Ещё дома я выудил из памяти информацию о том, что поезд из Рудогорска ехал до Москвы без малого двадцать восемь часов. Он останавливался, как выразился сегодня Вася Громов, «почти у каждой сосны». Уже в начале поездки я вспомнил, что такое «санитарная зона», полюбовался через дыру в металлическом унитазе на мелькавшие внизу шпалы, пару раз наткнулся на запертую дверь туалета во время стоянок. Заметил, что Алина всё больше нервничала — прогулялся вместе с ней в тамбур, изобразил курильщика: держал в руках Алинину сигарету (на случай, если вдруг явится классная руководительница). Снежка будто почувствовала безобразие, примчалась в наше купе, принюхалась. Я вынул и кармана мятую пачку «Родопи», показал её классухе.
Снежная удивлённо вскинула брови.
— Я считала, что ты умнее, Крылов, — сказала она.
Я поправил очки.
Ответил:
— Слишком умные мальчики не нравятся девочкам, Галина Николаевна.
Вздохнул.
— Девочки таких парней избегают, — добавил я. — К тому же, у любого человека должны быть недостатки.
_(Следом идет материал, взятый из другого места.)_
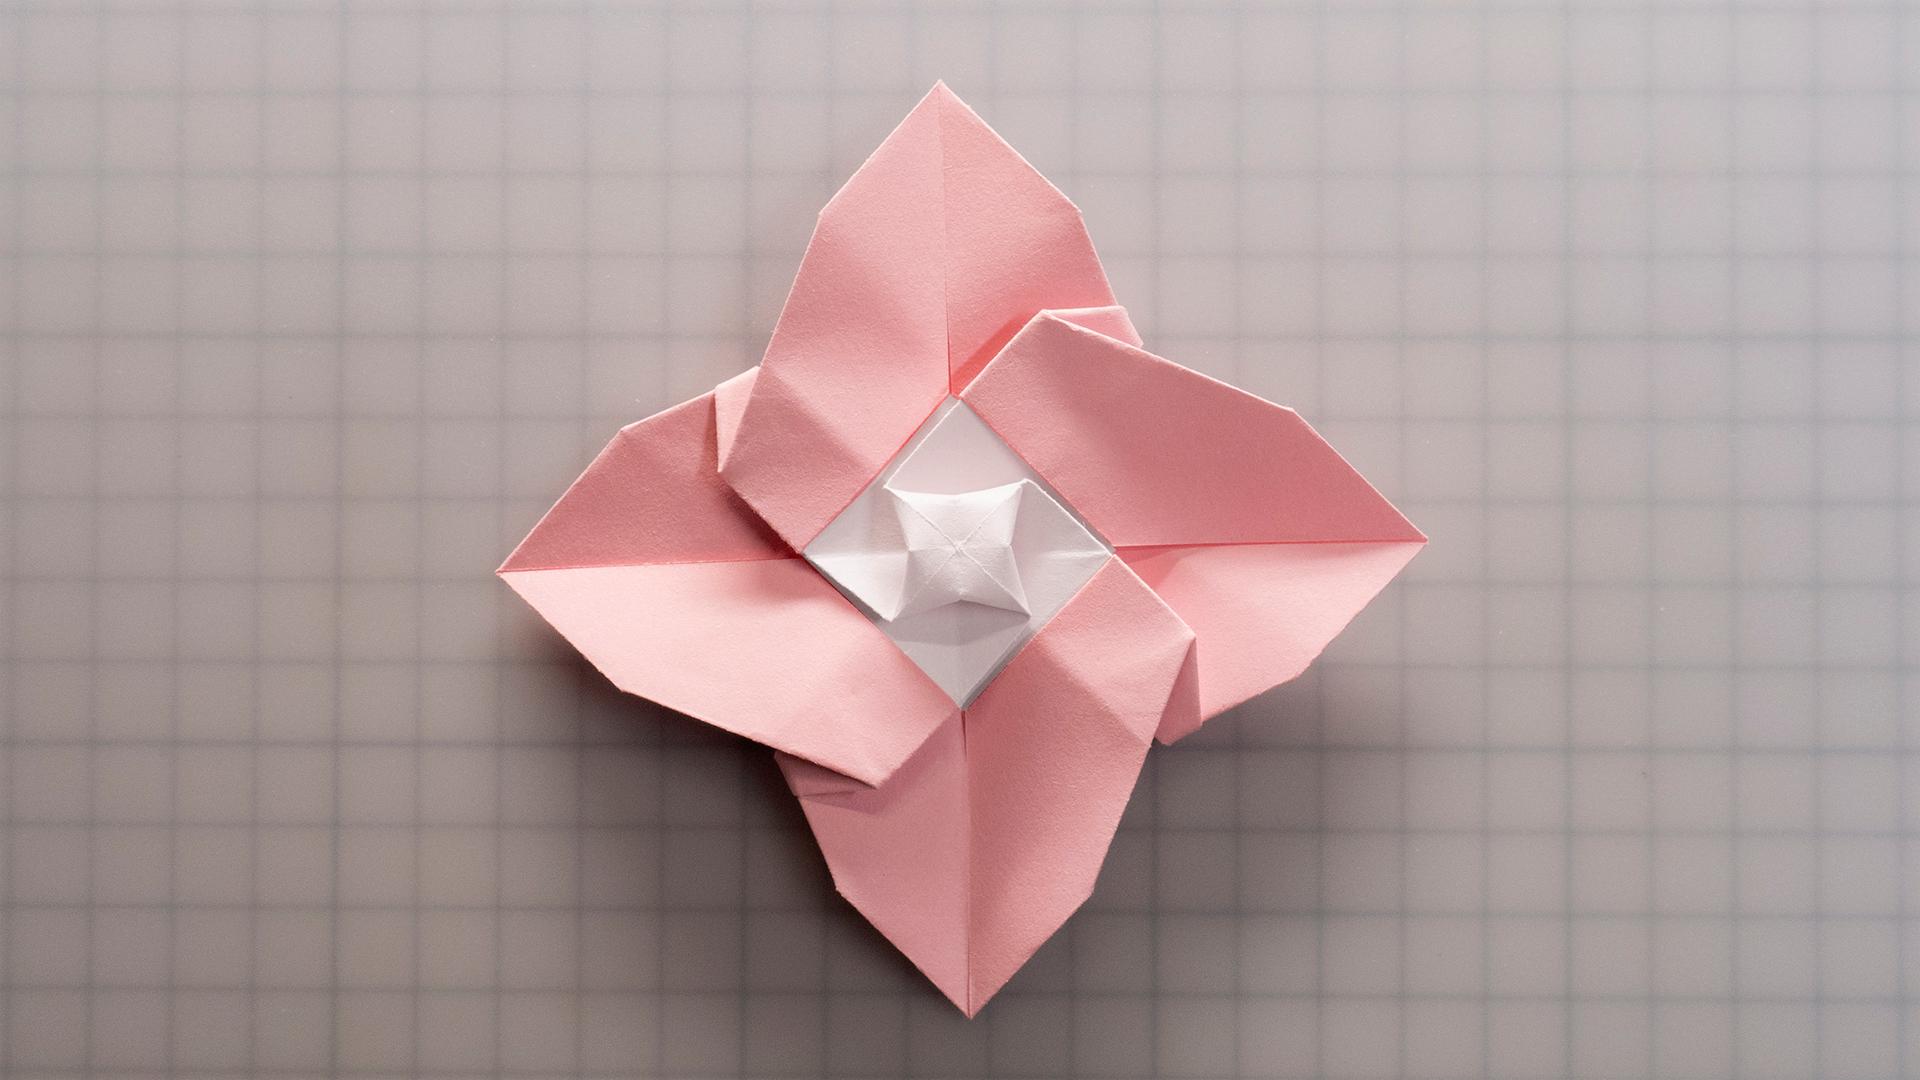 【折纸】仅凭一个玫瑰基本型,也能整出花儿来,折个水仙花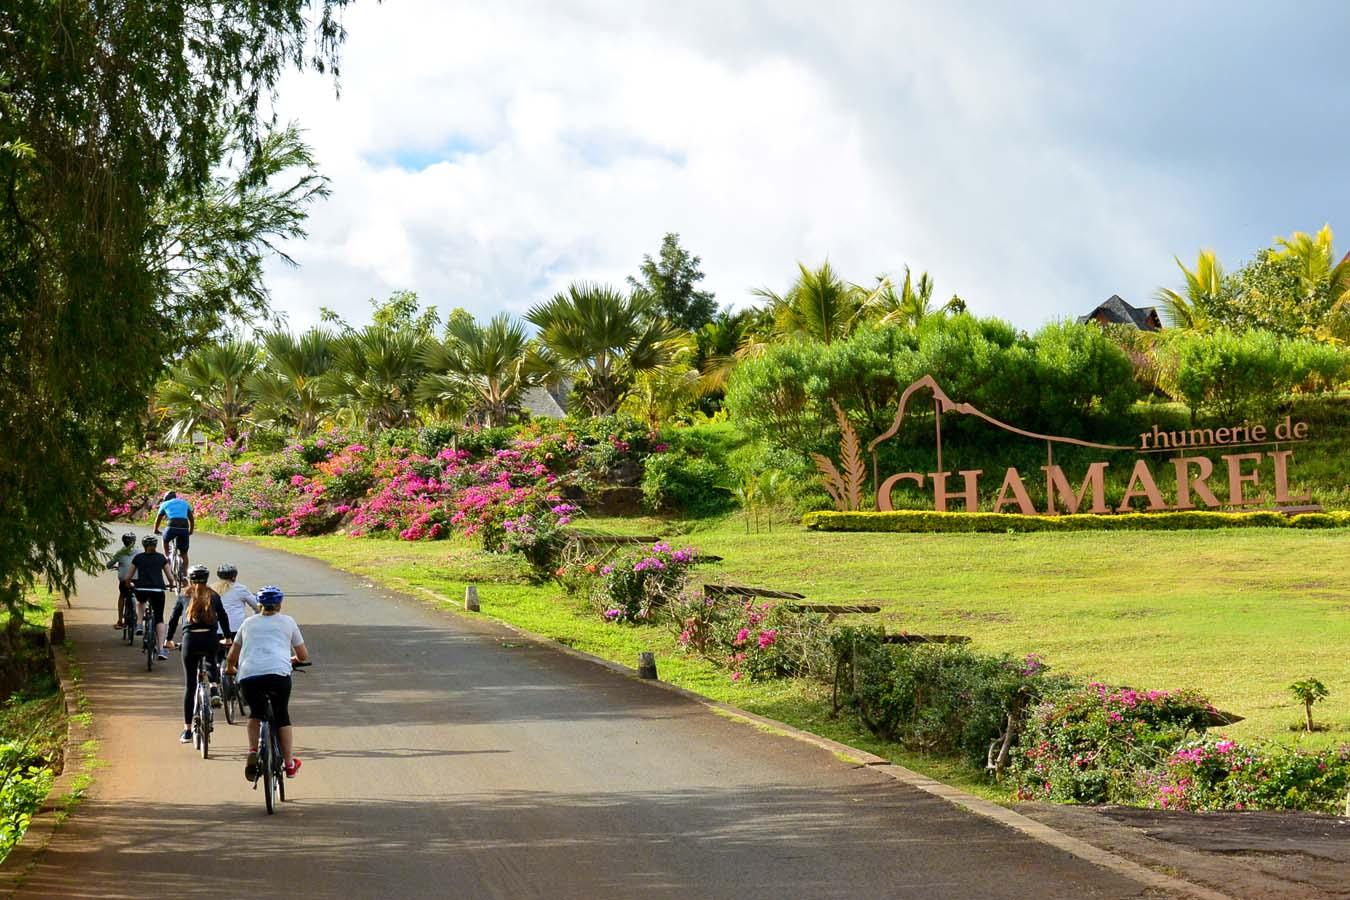 Randonnée à vélo à Chamarel dans le Sud de l'ile

Иначе он будет скучным. А других недостатков, кроме этого, у меня нет.
Лидочка Сергеева захихикала.
Вторую часть концерта я отыграл, когда за окнами вагона уже стемнело. В этот раз ограничился десятком музыкальных композиций: объяснил столь короткую концертную программу тем, что «устали голосовые связки». Прогулялся в компании Волковой в тамбур, полюбовался в туалете на мелькание шпал. Забрался на верхнюю полку (Алина улеглась напротив). Внизу Сергеева листала журнал «Работница», её подруга читала книгу, Громов с приятелем играли в магнитные шахматы. Я подмигнул Волковой (она лежала на животе, смотрела в окно), улыбнулся. Со вздохом растянулся на полке и прикрыл глаза. В голове по-прежнему одна за другой звучали музыкальные композиции. Я прослушивал их и изредка вздрагивал, когда проходившие по вагону пассажиры задевали мои ноги.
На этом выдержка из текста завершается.